In 2010, in order to implement Guangzhou City's "Northern Excellence" development strategy and support the regional development of Conghua and Knowledge City, the "Guangzhou Rail Transit Construction Plan for 2011-2015 and the 2020 Planning Plan Announcement" proposed the construction of the first phase of Line 14 and branch lines. At that time, the Knowledge City branch line ran from Xinhe Station to Knowledge City South Station with three stations along the way, which was later extended to Zhenlong to facilitate a connection to Line 21. On August 13, 2012, the second environmental assessment of Line 14 Phase I was released with the main line serving 13 stations, including 6 underground stations and 7 elevated stations. Initially, the main line and branch lines of the first phase of Line 14 were planned to start construction in 2011 and be opened to traffic in 2015, however initial construction was delayed. According to the approval document from the National Development and Reform Commission, the main line was planned to start construction between 2013 and 2017, while the construction of the Knowledge City line would be dependent on the degree of surrounding development.

===Construction===
On August 13, 2012, the Ministry of Environmental Protection published the second environmental impact report. In April 2013, Taihe Station was changed from elevated to underground, and the parking lot originally located near Dongping Station was changed to be connected to Taihe Station. In March 2014, the first phase of Line 14 and the Knowledge City branch line were approved by the Guangdong Provincial Development and Reform Commission to start construction.

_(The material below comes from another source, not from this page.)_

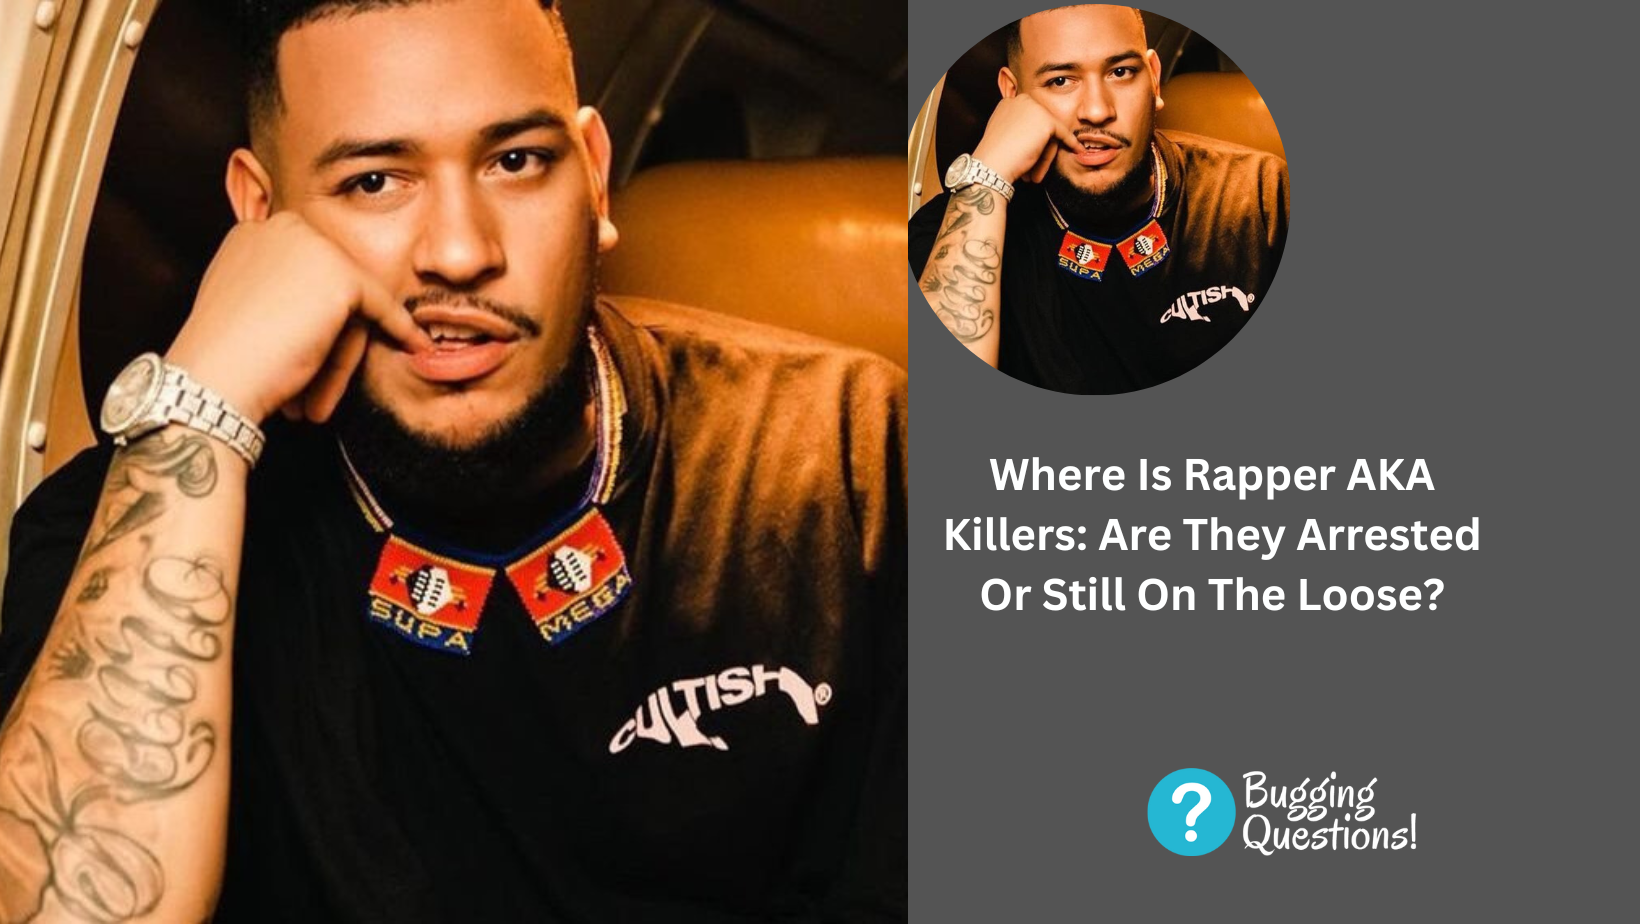 Where Is Rapper AKA Killers: Are They Arrested Or Still On The Loose?

Tunnel boring began in March 2015. In May 2017, the main structure of Zhenlong Station was finished, marking the completion of structural construction of all stations on the Knowledge City branch line. On May 28, tunnel boring from Xinnan Station to Fengxia Station was finished, marking the completion of the entire tunnel of the Knowledge City branch line. On August 22, all tracks of the Knowledge City Line were successfully completed. On November 2, the main structure of Jiekou (now Dongfeng Station), the largest station in the first phase of Line 14, was completed. On January 30, 2018, the main structure of Zhongluotan Station was finished, marking the completion of the main structure project of all stations in the first phase of the main line. On May 8, tunnel boring from Jiekou Station (now Dongfeng Station) to Jiangpu Station (now Conghua Passenger Terminal) was completed.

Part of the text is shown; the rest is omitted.